● **SUPPLIED DATA**:

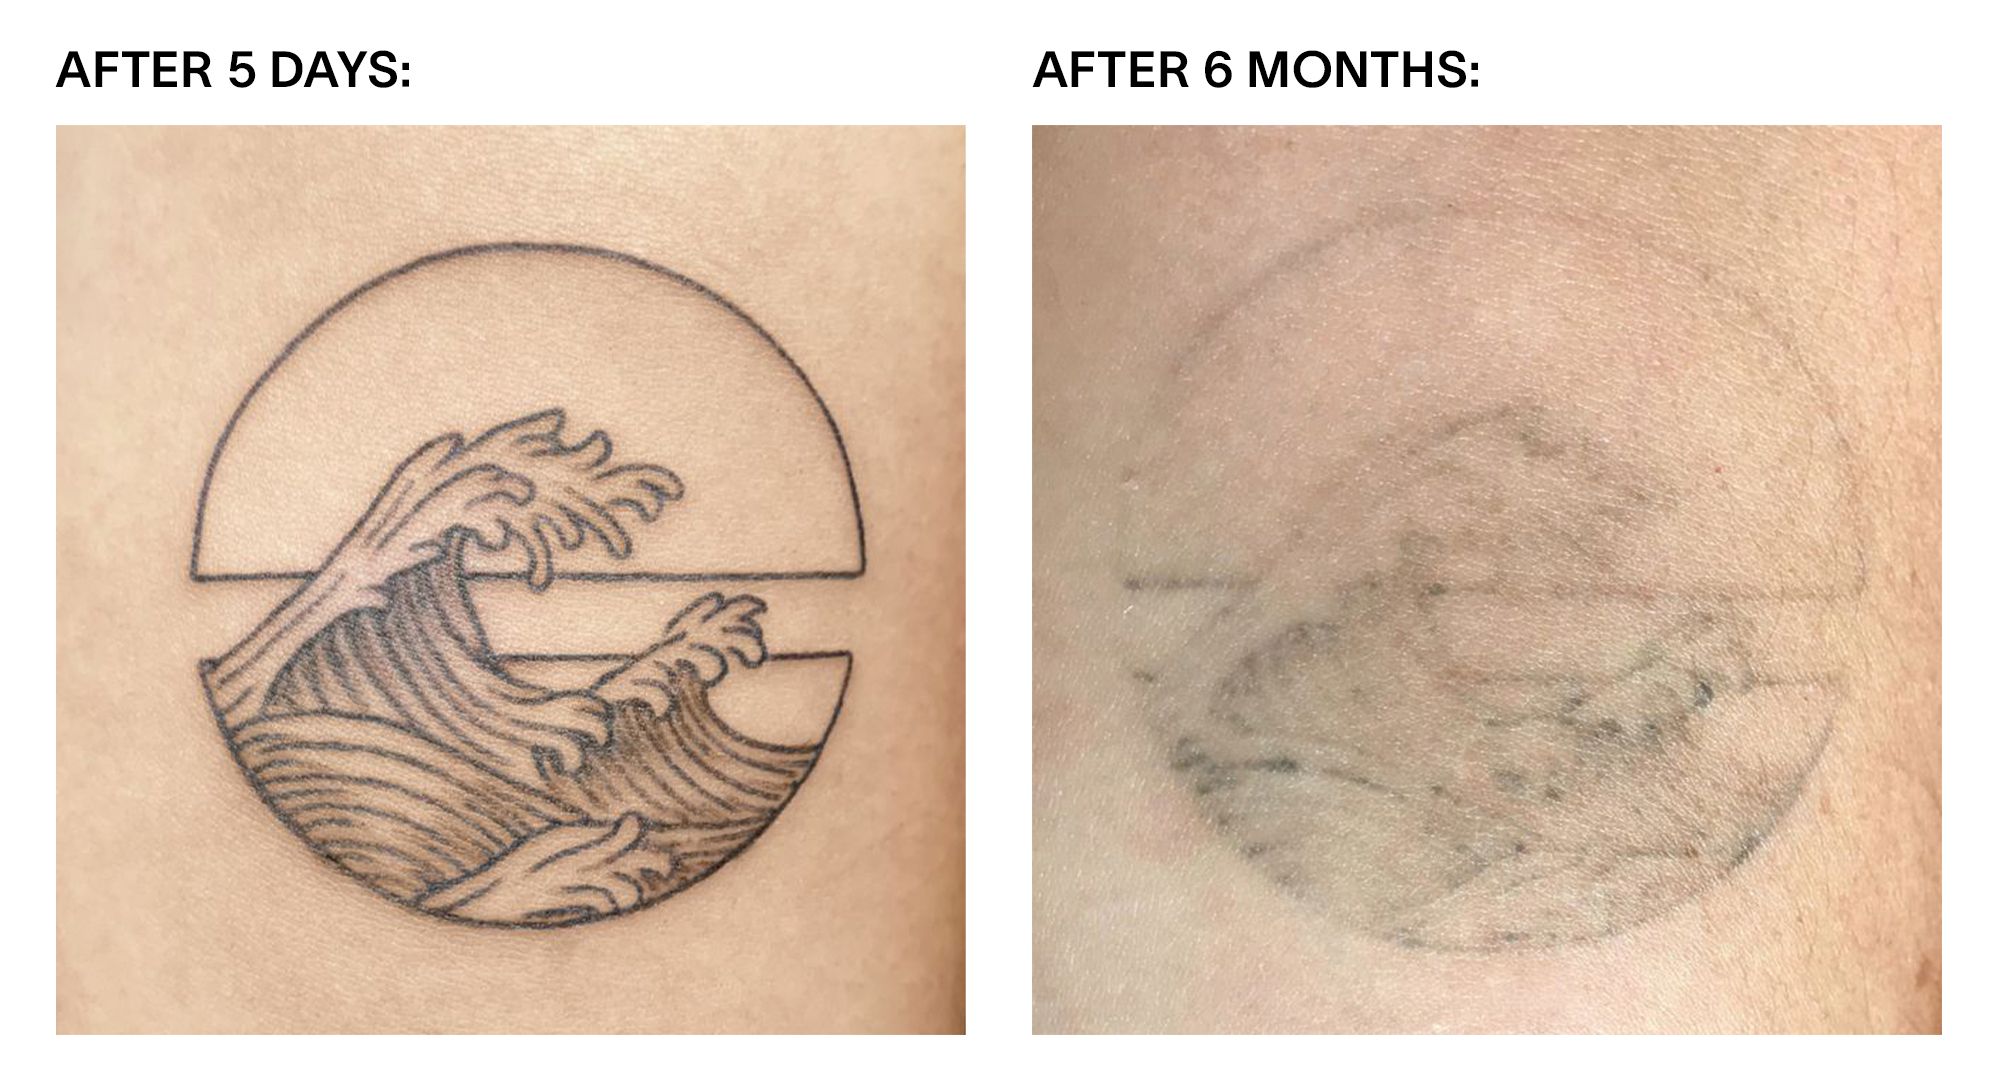 Are Made-to-Fade Tattoos the Future of Body Art?
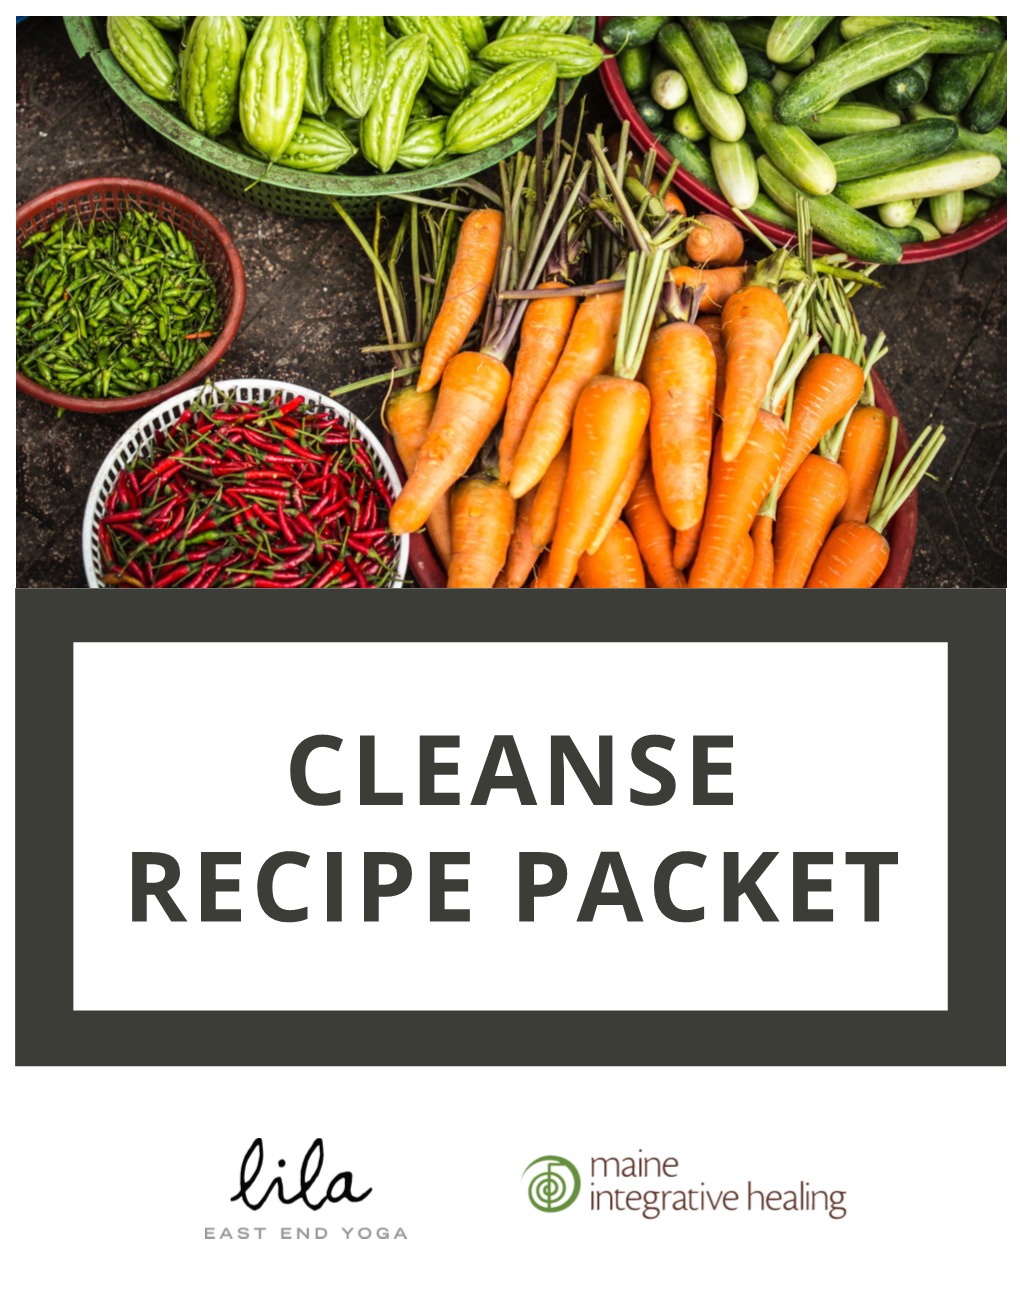 CLEANSE RECIPE PACKET Fall P Spring E These Symbols Represent Which Season the Listed Foods Are Best Consumed to Support Strong Digestion and Welcome Seasonal Balance
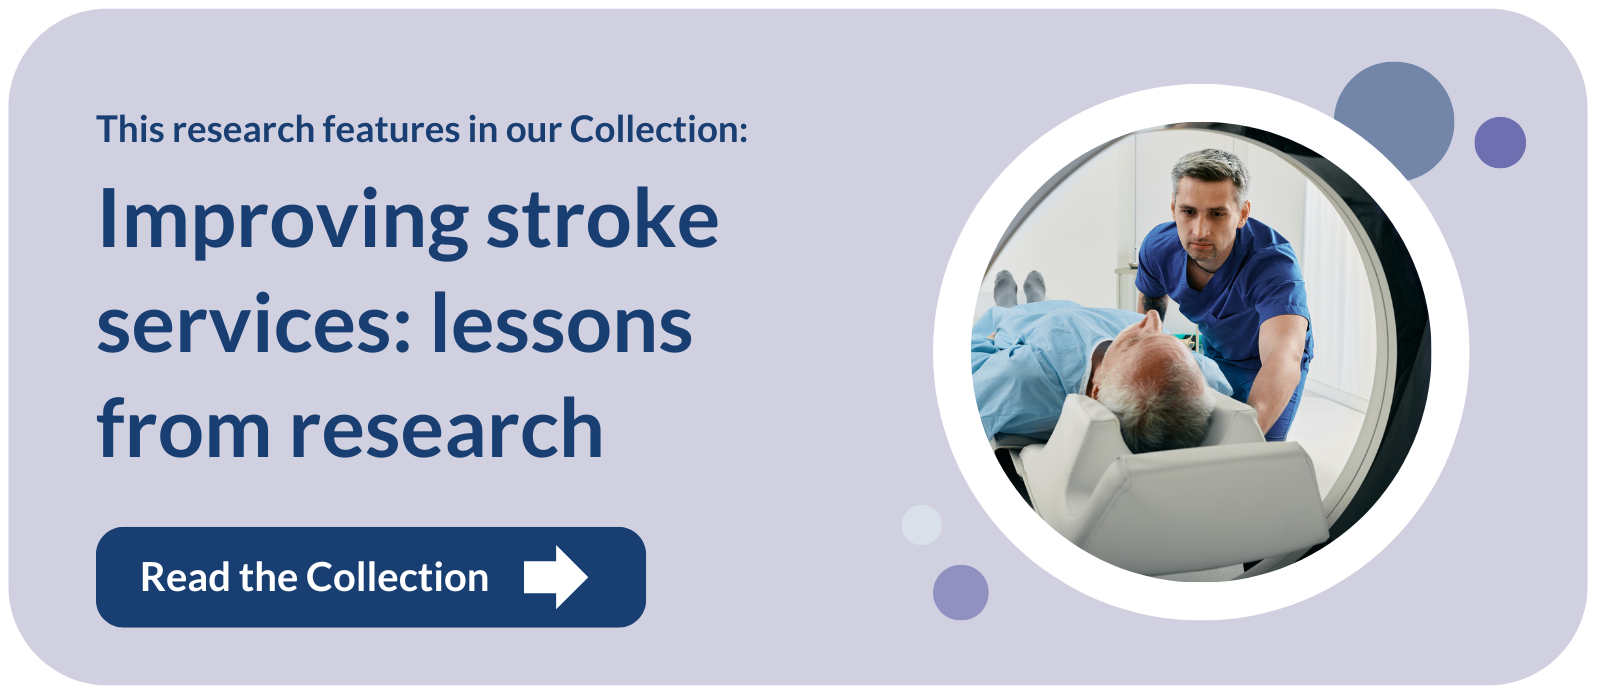 This research features in our Collection: Improving stroke services: lessons from research. Read the Collection
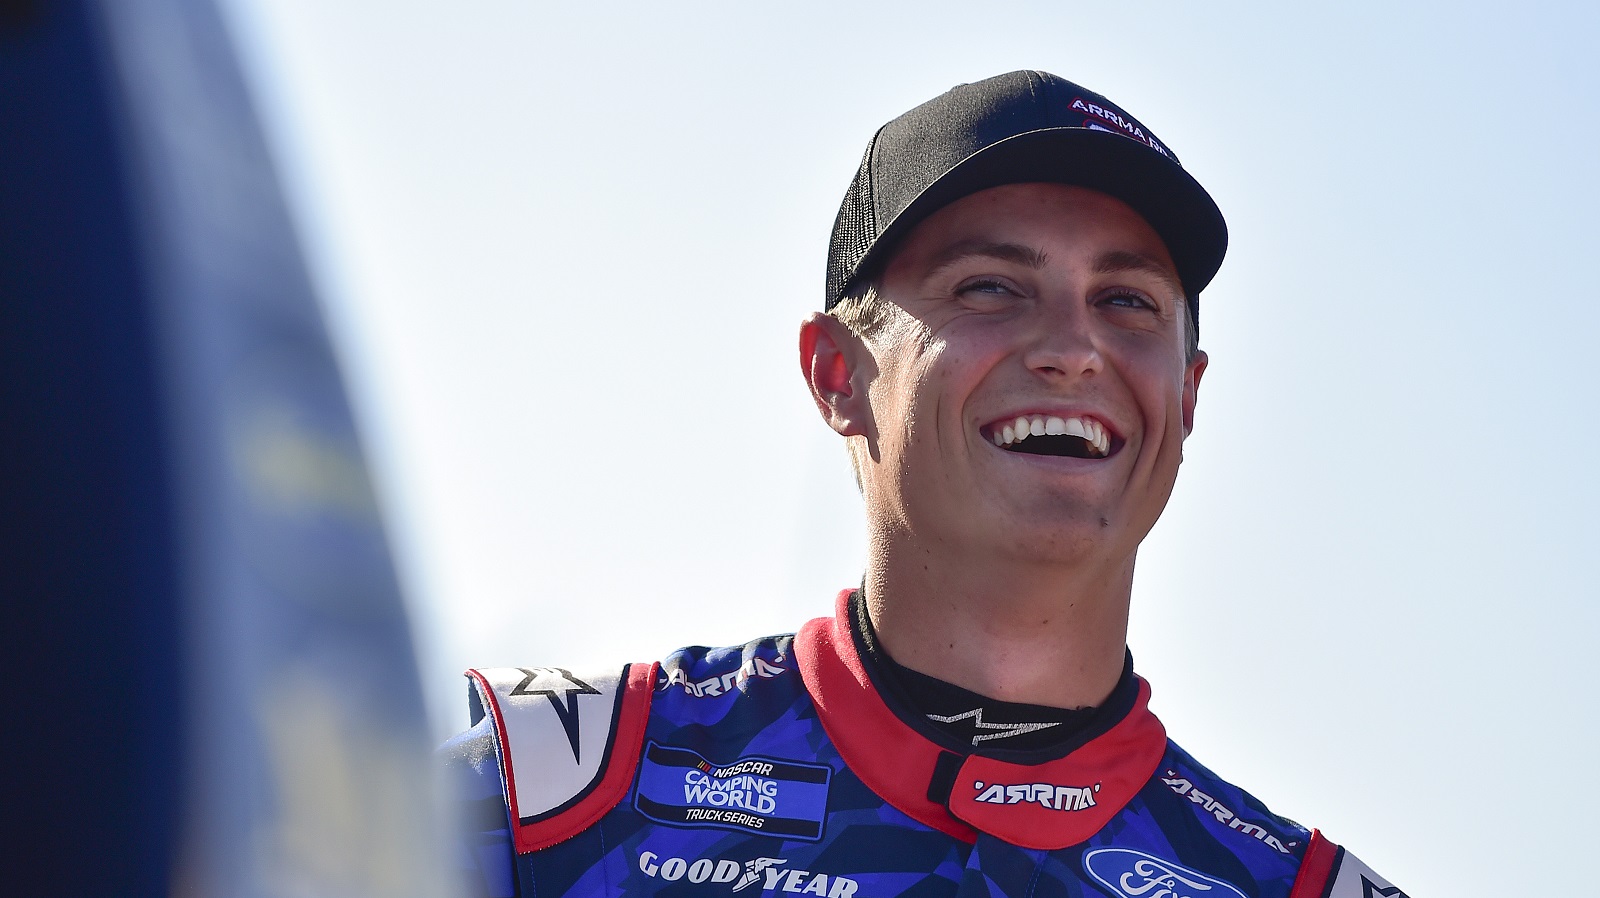 Zane Smith shares a laugh on the grid during qualifying for the NASCAR Camping World Truck Series Toyota 200 at WWT Raceway on June 3, 2022, in Madison, Illinois. | Jeff Curry/Getty Images

● **EXERCISE REQUIREMENTS**:
The needed output is the lines from the one with "CLEANSE RECIPE PACKET" through the end of the listing, written out exactly, both ends included, pictures excluded.

● **TASK ANSWER**:
 CLEANSE RECIPE PACKET Fall P Spring E These Symbols Represent Which Season the Listed Foods Are Best Consumed to Support Strong Digestion and Welcome Seasonal Balance
 This research features in our Collection: Improving stroke services: lessons from research. Read the Collection
 Zane Smith shares a laugh on the grid during qualifying for the NASCAR Camping World Truck Series Toyota 200 at WWT Raceway on June 3, 2022, in Madison, Illinois. | Jeff Curry/Getty Images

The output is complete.